1 Properties and structure of the algorithm

1.1 General description of the algorithm

The Poisson equation for the multidimensional space has the form [math] \sum_{i=1}^{N}\frac{\partial^2 \phi}{\partial x_i^2}=f,~\mathbf{x}\in D. [/math]

Here, [math]D \in \mathbb{R}^N[/math] is the domain in which the solution [math]\phi(\mathbf{x})[/math] is defined, and [math]\mathbf{x}=(x_1,...,x_N)^T[/math] is the vector of independent variables. The Poisson equation is supplemented by the boundary conditions [math] B(\phi)=F, \mathbf{x} \in \Gamma(D), [/math] where [math]\Gamma(D)[/math] is the boundary of [math]D[/math] and [math]B(\phi)[/math] is the operator defining the boundary conditions. The case [math]B(\phi)=\phi[/math] corresponds to the Dirichlet boundary condition, while [math]B(\phi)=\partial\phi/\partial n[/math], where [math]\mathbf{n}[/math] is the outer normal to the boundary [math]\Gamma(D)[/math], corresponds to the Neumann boundary condition. Sometimes mixed boundary conditions [math]B(\phi)=C\phi+\partial\phi/\partial n[/math], where [math]C[/math] is a constant, are also used. The so-called "periodic boundary conditions" may also occur. In this case, the problem is posed on an unbounded domain, but the solution is assumed to be periodic with respect to a subset of variables from [math]\mathbf{x}[/math].

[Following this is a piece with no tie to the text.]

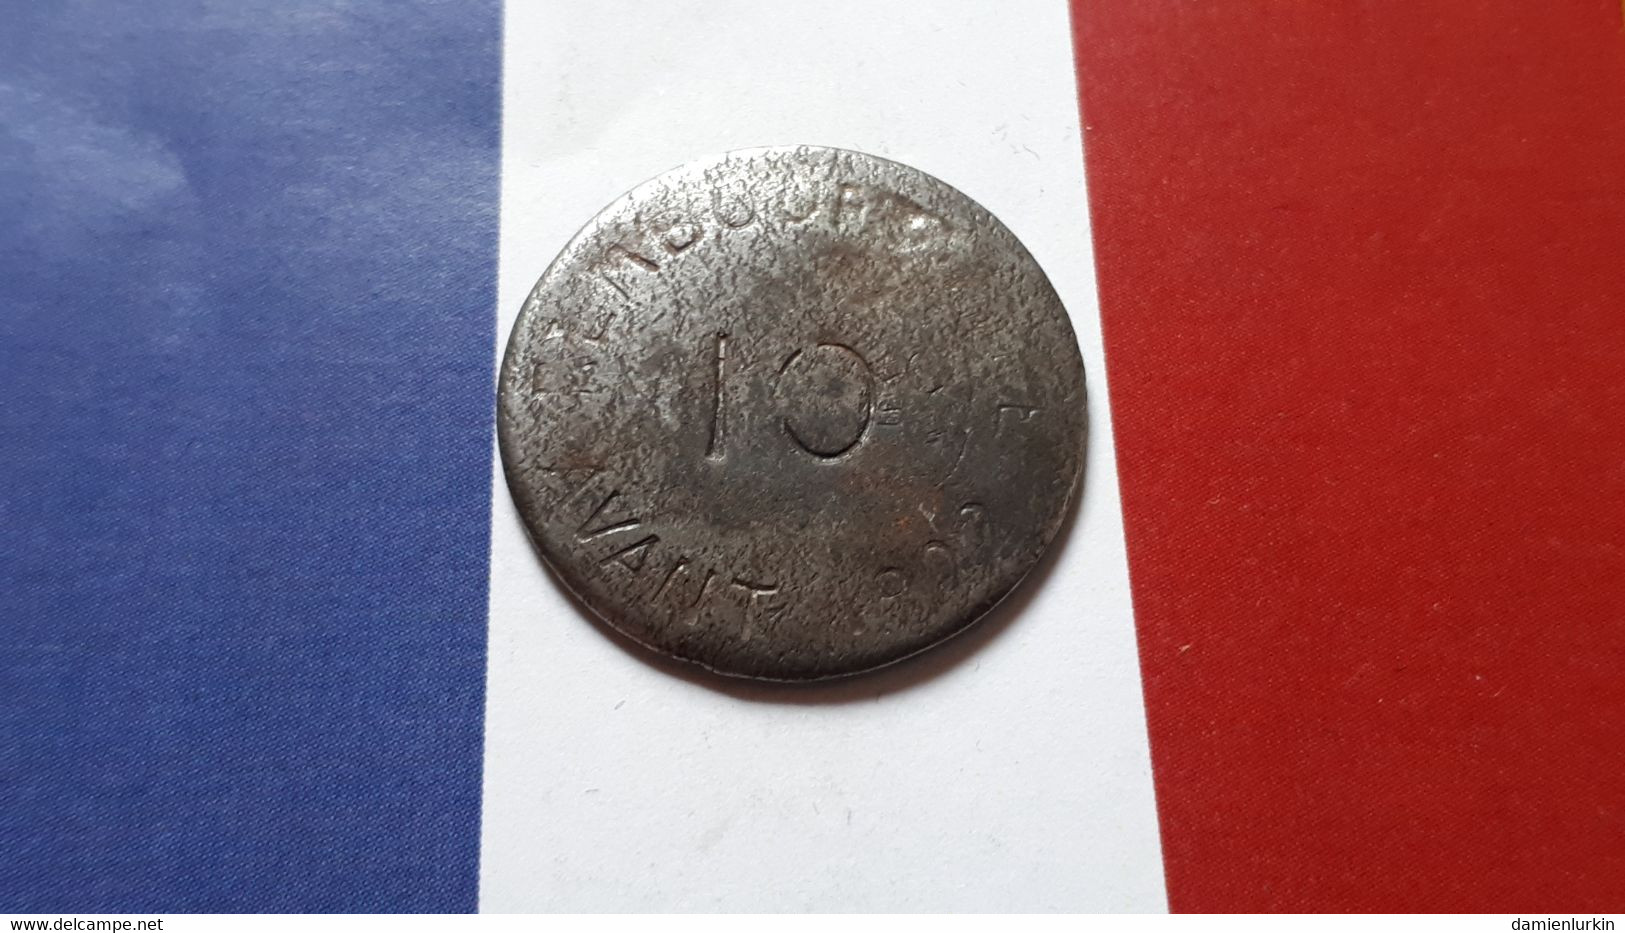 FRANCE BAYONNE 10 CENTIMES NECESSITE 1917-1922 CHAMBRE DE COMMERCE FER FRAPPE MEDAILLE - Monétaires / De Nécessité
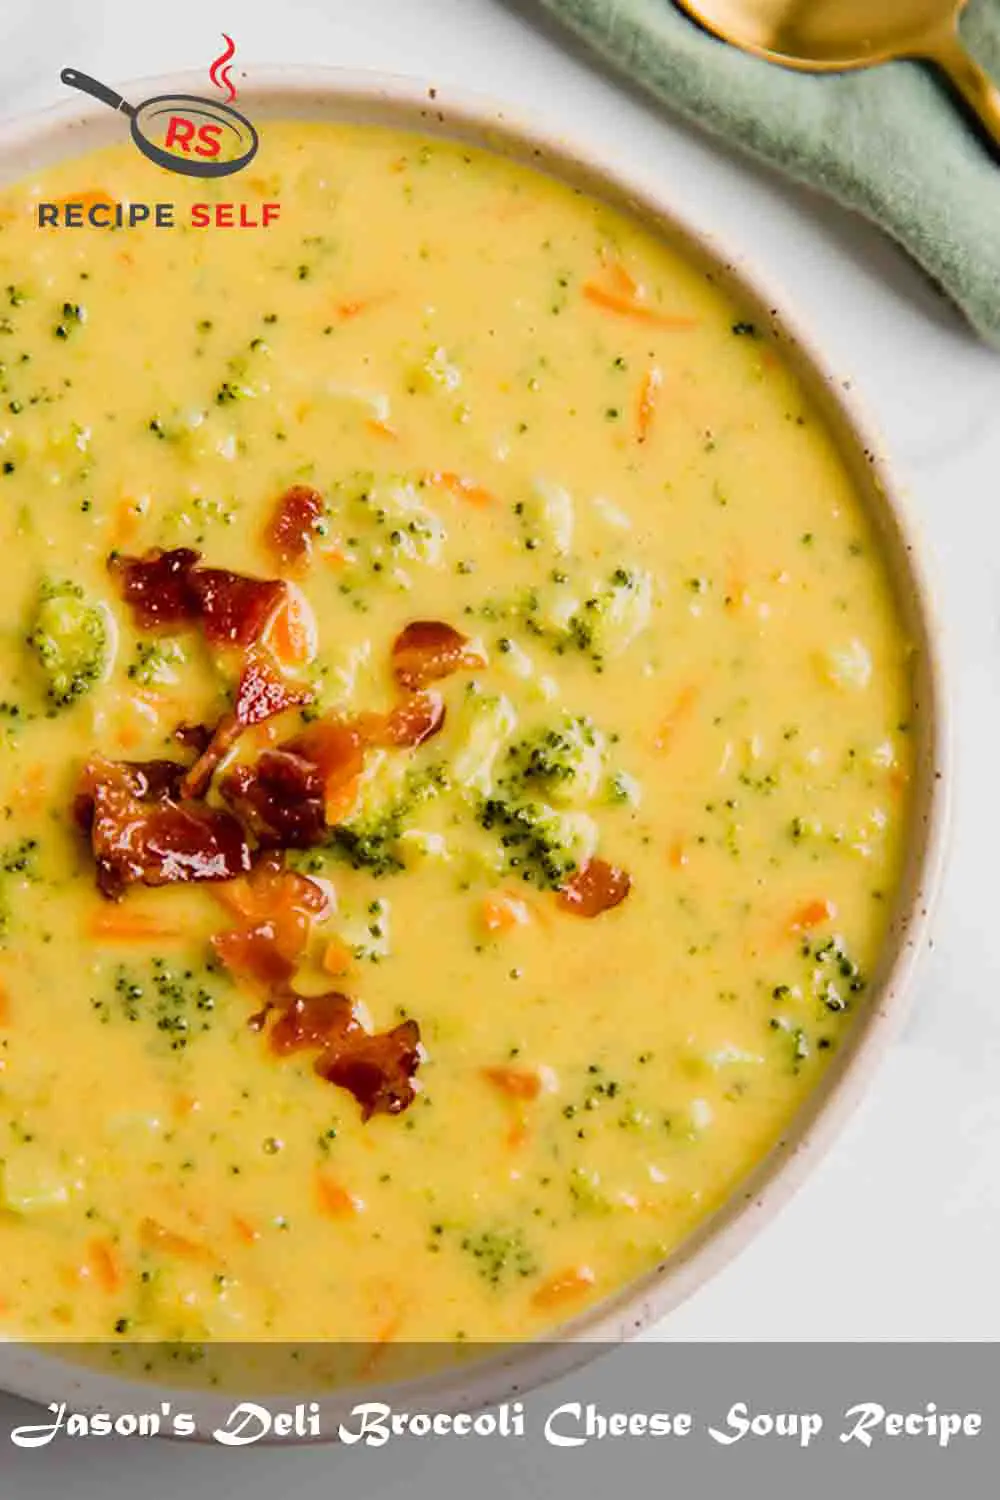 Jason's Deli Broccoli Cheese Soup Recipe Recipe Self

The Poisson equation emerges in many problems of mathematical physics, for instance, in electrostatics (in this case, [math]\phi[/math] is the potential of the electric force) and hydrodynamics ([math]\phi[/math] is the pressure of a fluid or a gas). The parameter [math]N[/math] is 2 and 3 for the plane and three-dimensional problems, respectively.

The analytical form of the solution to the Poisson equation is not known in the case where the right-hand side is arbitrary and the boundary conditions are inhomogeneous. Consequently, in most applications, this equation is solved numerically. The most common discretization of the Poisson equation has the form

[math] \sum_{i=1}^{N}\frac{\phi_{k_1,...,k_i+1,...,k_N}-2\phi_{k_1,...,k_i,...,k_N}+\phi_{k_1,...,k_i-1,...,k_N}}{\Delta x_i^2}=f_{k_1,...,k_N},~(k_1,...,k_N) \in D_N. [/math]

Here, the second derivatives are replaced by second-order finite difference approximations (which creates the cross stencil for the plane problem), and the solution is sought on a discrete subset [math]D_N[/math] of the [math]N[/math]-dimensional space. The boundary conditions are also approximated by finite differences.


1.2 Mathematical description of the algorithm

Here, we examine a finite difference scheme for the most common problem related to the Poisson equation in the three-dimensional space:

[math] \frac{\phi_{i+1,j,k}-2\phi_{i,j,k}+\phi_{i-1,j,k}}{ \Delta x^2}\,+\, \frac{\phi_{i,j+1,k}-2\phi_{i,j,k}+\phi_{i,j-1,k}}{ \Delta y^2}\,+\, \frac{\phi_{i,j,k+1}-2\phi_{i,j,k}+\phi_{i,j,k-1}}{ \Delta z^2} = f_{i,j,k},~(i,j,k) \in D_h, [/math]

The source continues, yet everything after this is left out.